> **Instructions to follow**
Copy the listing verbatim, excluding any images found in it.

> **Given data**
..........
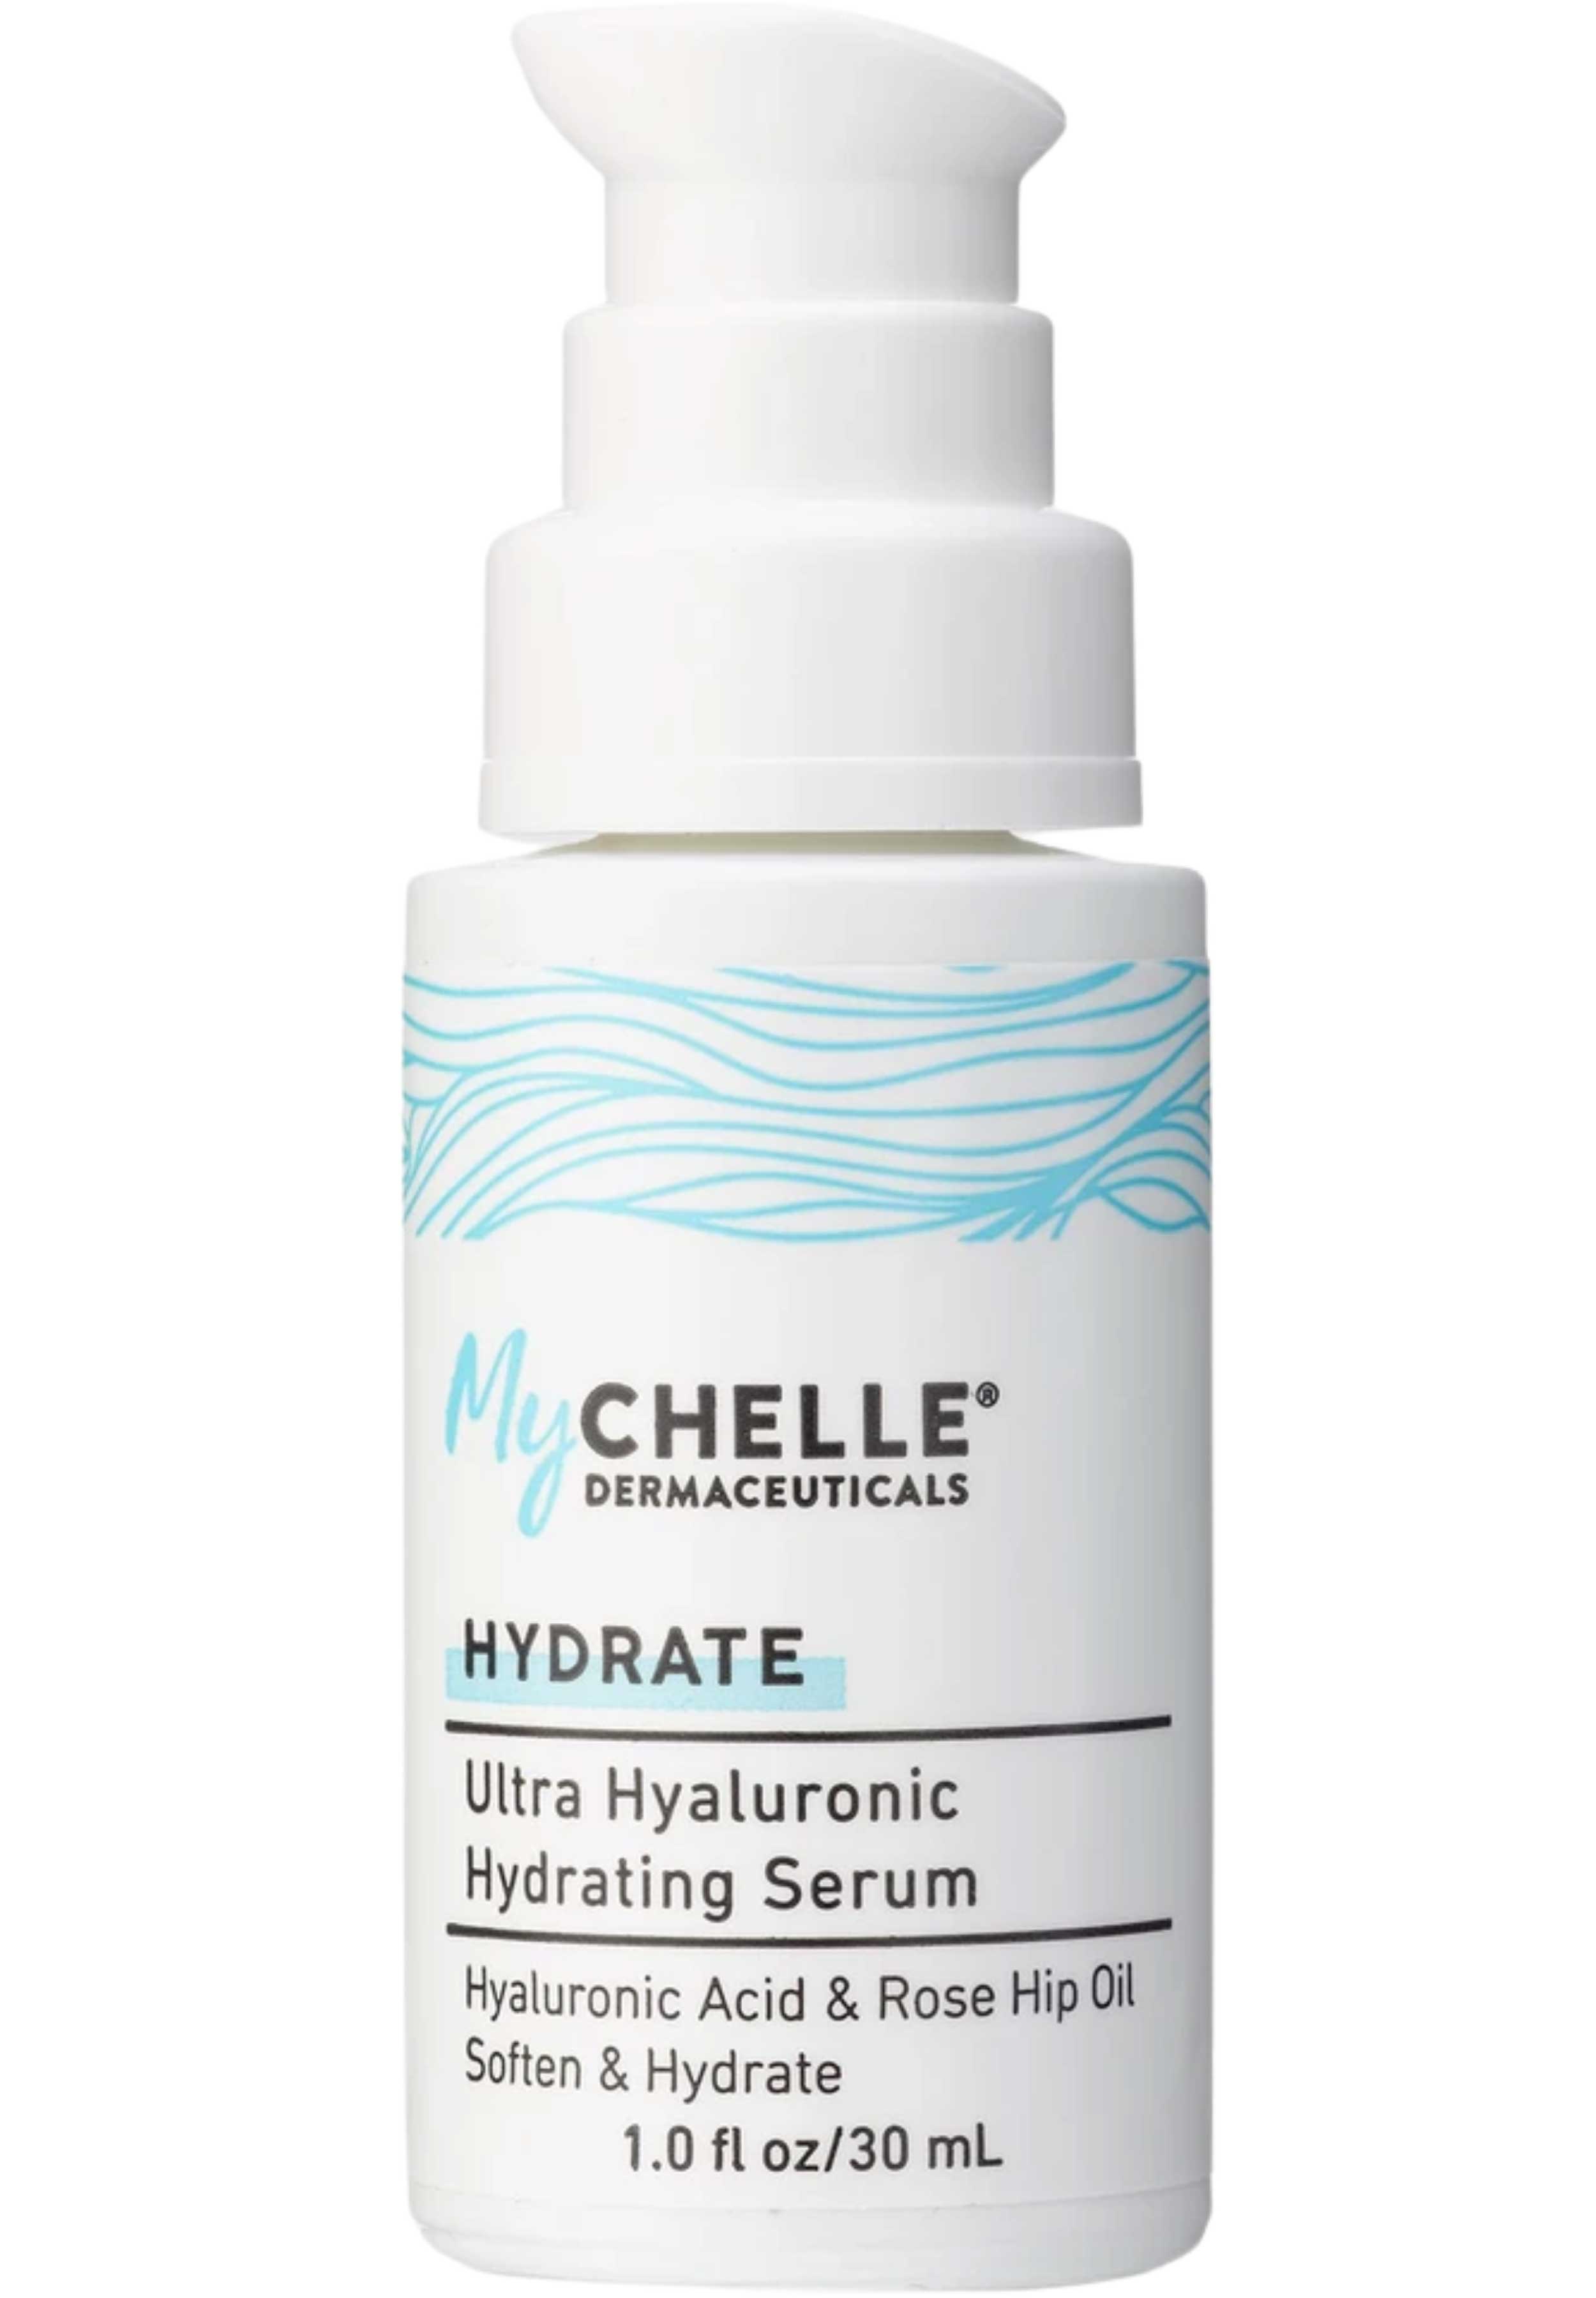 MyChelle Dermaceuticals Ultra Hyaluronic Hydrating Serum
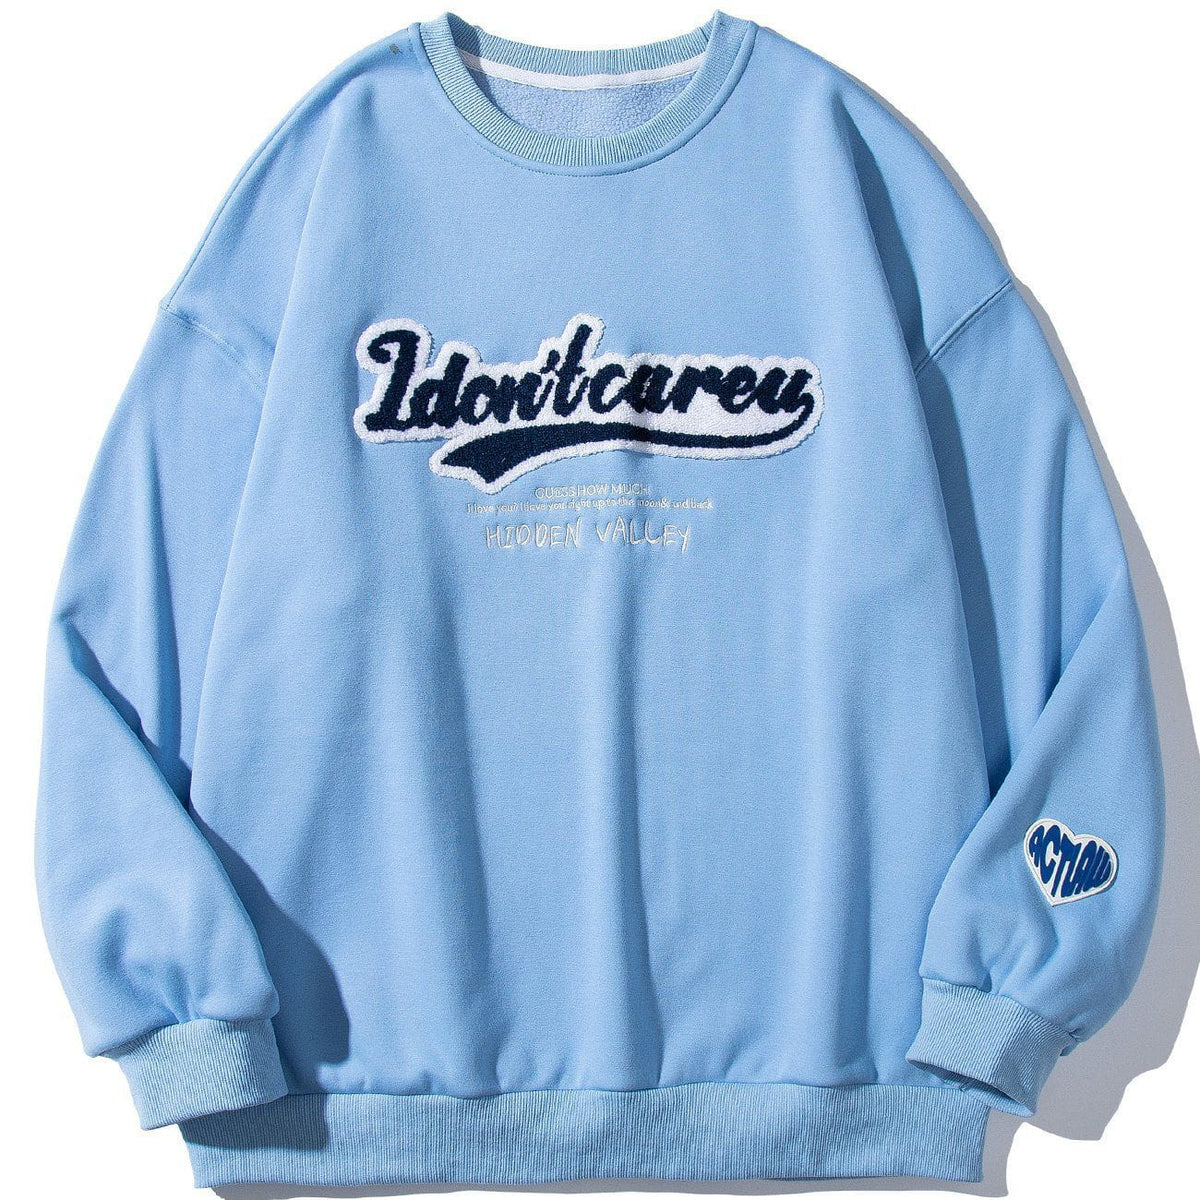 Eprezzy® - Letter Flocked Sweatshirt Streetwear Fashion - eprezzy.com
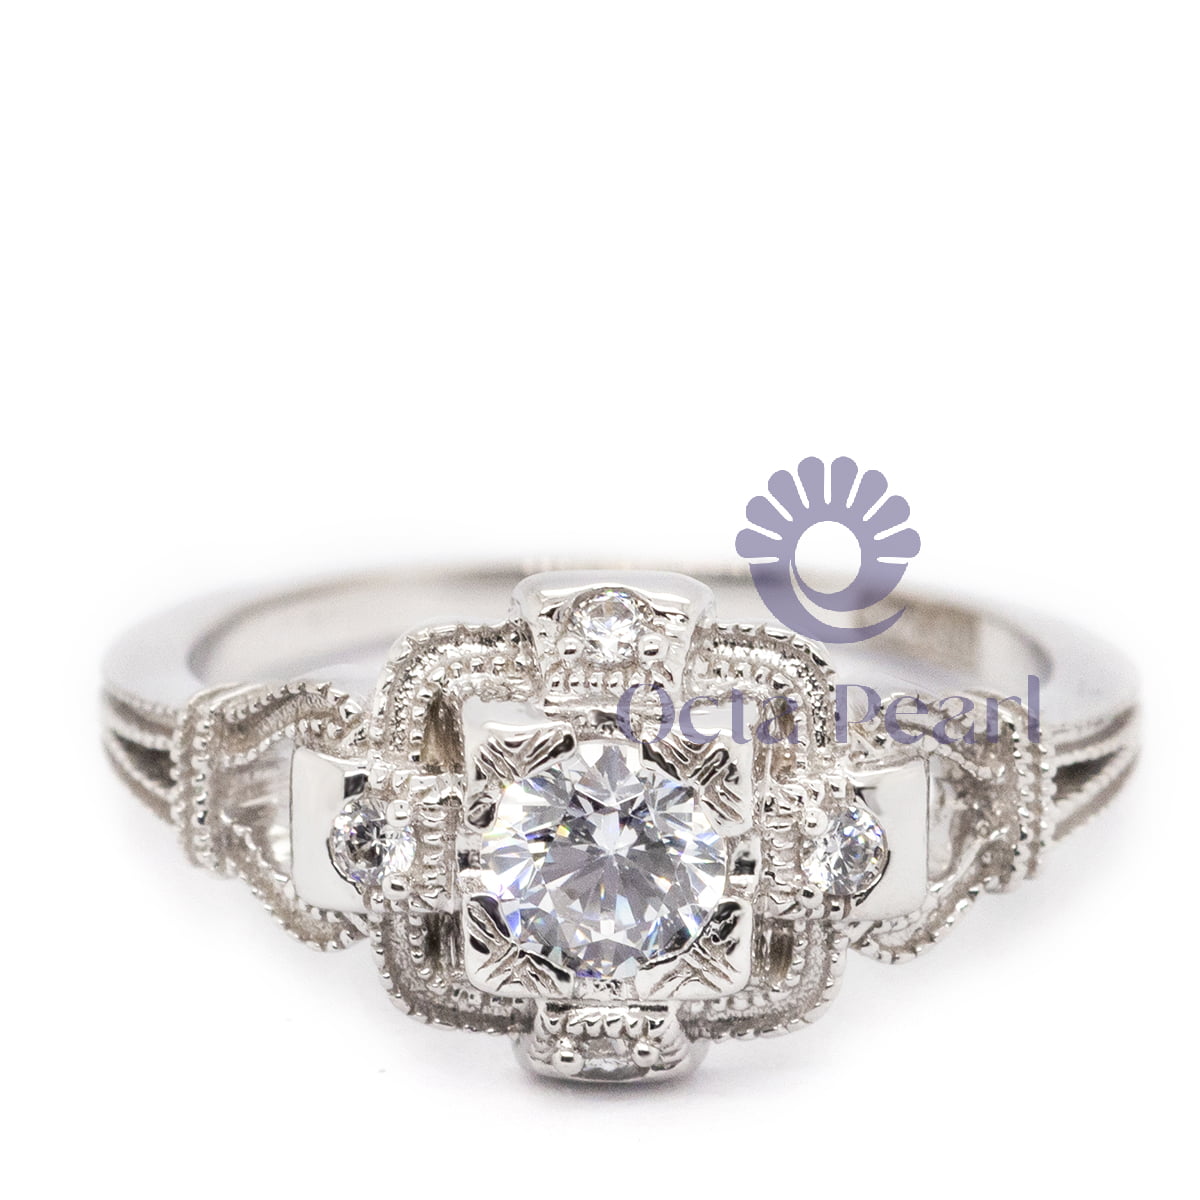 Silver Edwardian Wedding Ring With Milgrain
..........
> **Answer for this exercise**
 MyChelle Dermaceuticals Ultra Hyaluronic Hydrating Serum
 Eprezzy® - Letter Flocked Sweatshirt Streetwear Fashion - eprezzy.com
 Silver Edwardian Wedding Ring With Milgrain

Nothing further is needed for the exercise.